Using multiple parallel environments speeds up training.

In [None]:
# Create vectorized environment with 4 parallel environments
vec_env = make_vec_env('LunarLander-v3', n_envs=10, seed=42)

## 5. Initialize PPO Agent

In [None]:
# Create directories for logs and models
os.makedirs("logs", exist_ok=True)
os.makedirs("models", exist_ok=True)

# Initialize PPO agent with custom hyperparameters
model = PPO(
    "MlpPolicy", env, learning_rate=0.0003, n_steps=2048, batch_size=64, n_epochs=10, gamma=0.99, gae_lambda=0.95, clip_range=0.2, clip_range_vf=None, normalize_advantage=True, ent_coef=0.0, vf_coef=0.5, max_grad_norm=0.5, use_sde=False, sde_sample_freq=-1, rollout_buffer_class=None, rollout_buffer_kwargs=None, target_kl=None, stats_window_size=100, tensorboard_log=None, policy_kwargs=None, verbose=0, seed=None, device='auto', _init_setup_model=True
    )

## 6. Set Up Callbacks for Evaluation and Checkpointing

In [None]:
# Create evaluation environment
eval_env = gym.make('LunarLander-v3')

# Evaluation callback - evaluates the model every 10000 steps
eval_callback = EvalCallback(
    eval_env,
    best_model_save_path="./models/",
    log_path="./logs/",
    eval_freq=10000,
    deterministic=True,
    render=False
)

# Checkpoint callback - saves the model every 50000 steps
checkpoint_callback = CheckpointCallback(
    save_freq=50000,
    save_path="./models/",
    name_prefix="ppo_model"
)

## 7. Train the Agent

This will train for 500,000 timesteps. Adjust as needed.

In [None]:
# Train the agent
total_timesteps = 500000

print(f"Starting training for {total_timesteps} timesteps...")
model.learn(
    total_timesteps=total_timesteps,
    callback=[eval_callback, checkpoint_callback],
    progress_bar=False
)

print("\nTraining completed!")

# Save the final model
model.save("models/ppo_lunar_lander_final")
print("Final model saved!")

## 8. Evaluate the Trained Agent

In [None]:
# Load the best model
model = PPO.load("models/ppo_lunar_lander_final.zip")

# Evaluate the agent
eval_env = gym.make('LunarLander-v3')
mean_reward, std_reward = evaluate_policy(model, eval_env, n_eval_episodes=100)

print(f"Mean reward over 100 episodes: {mean_reward:.2f} +/- {std_reward:.2f}")

eval_env.close()

In [None]:
def create_episode_animation(model, env_name='LunarLander-v3', deterministic=True):
    """
    Create an animated visualization of one episode.
    """
    env = gym.make(env_name, render_mode='rgb_array')
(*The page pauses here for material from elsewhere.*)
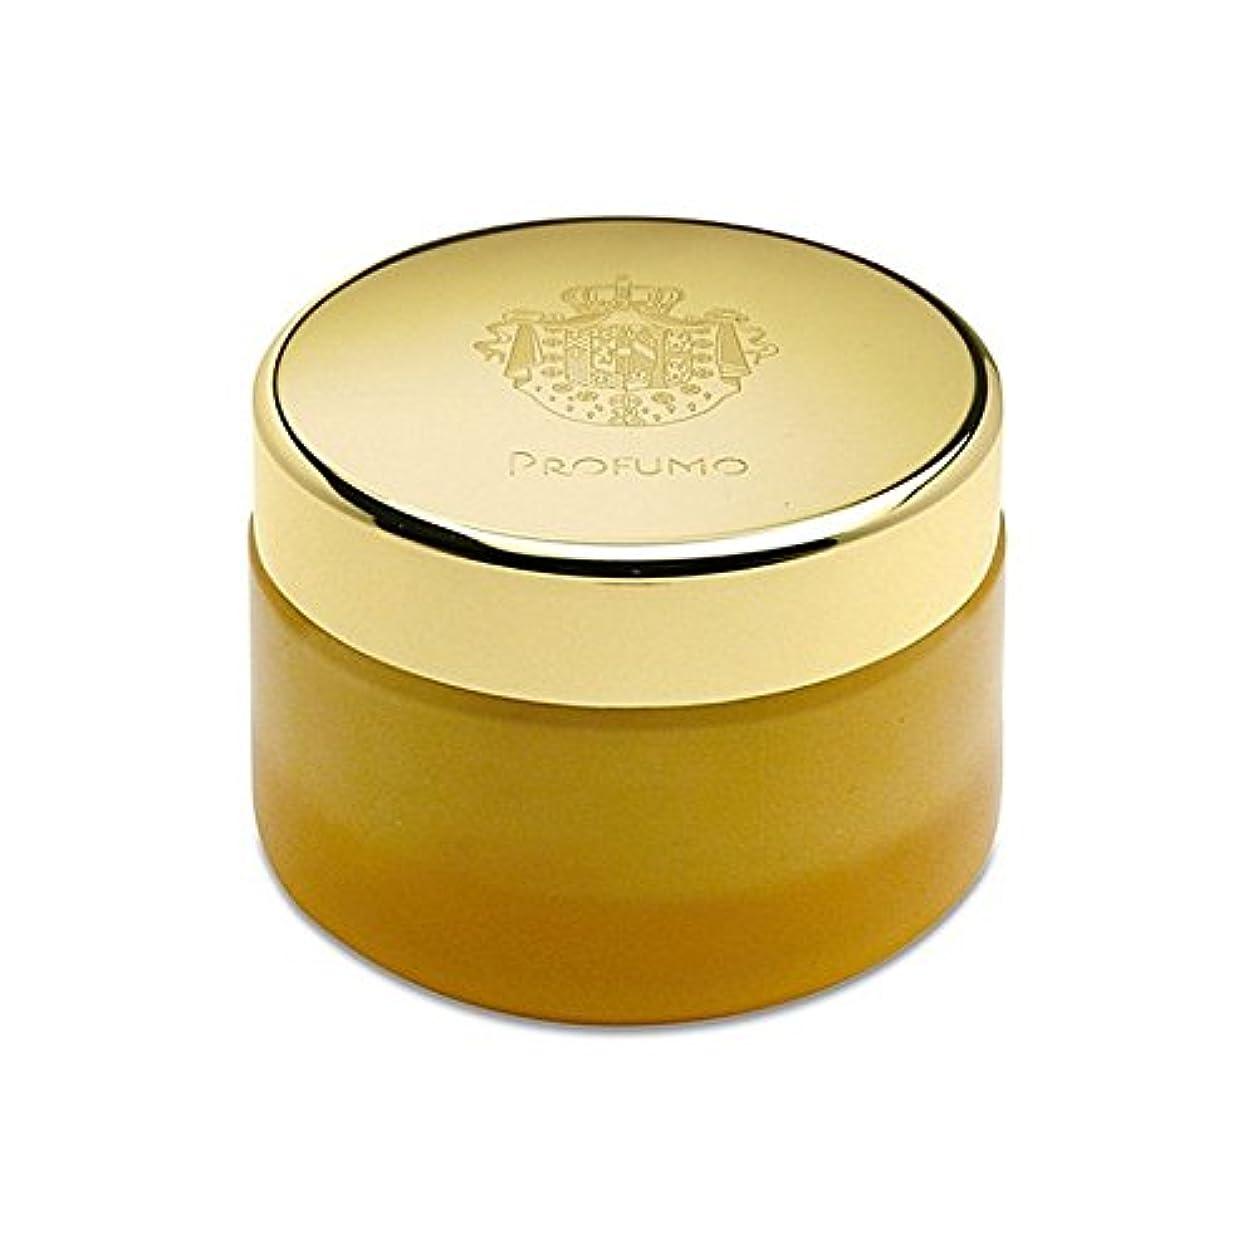 難しい広告接続されたアクアディパルマボディクリーム200ミリリットル x2 - Acqua Di Parma Profumo Body Cream 200ml (Pack of 2) [並行輸入品]

    # Collect frames from one episode
    frames = []
    obs, info = env.reset()
    done = False
    total_reward = 0
    step_count = 0

    while not done:
        # Render and store frame
        frame = env.render()
        frames.append(frame)

        # Get action from trained model
        action, _ = model.predict(obs, deterministic=deterministic)
        obs, reward, terminated, truncated, info = env.step(action)
        done = terminated or truncated
        total_reward += reward
        step_count += 1

    env.close()

    print(f"Episode completed in {step_count} steps with total reward: {total_reward:.2f}")

    # Create animation
    fig, ax = plt.subplots(figsize=(8, 6))
    ax.axis('off')
    img = ax.imshow(frames[0])

    def animate(i):
        img.set_array(frames[i])
        ax.set_title(f'Step: {i+1}/{len(frames)} | Reward: {total_reward:.2f}', fontsize=14)
        return [img]

    anim = animation.FuncAnimation(
        fig, animate, frames=len(frames), interval=50, blit=True, repeat=True
    )

    plt.close()  # Prevent static display
    return anim

# Create and display the animation
print("Creating animation of trained agent...\n")
anim = create_episode_animation(model)
HTML(anim.to_jshtml())

## Summary

This notebook demonstrates:
1. Setting up the Lunar Lander environment
2. Training a PPO agent with Stable Baselines3
3. Evaluating the trained agent
4. Visualizing performance
5. Comparing with a random baseline

The PPO algorithm should achieve an average reward above 200 (considered solved) after sufficient training.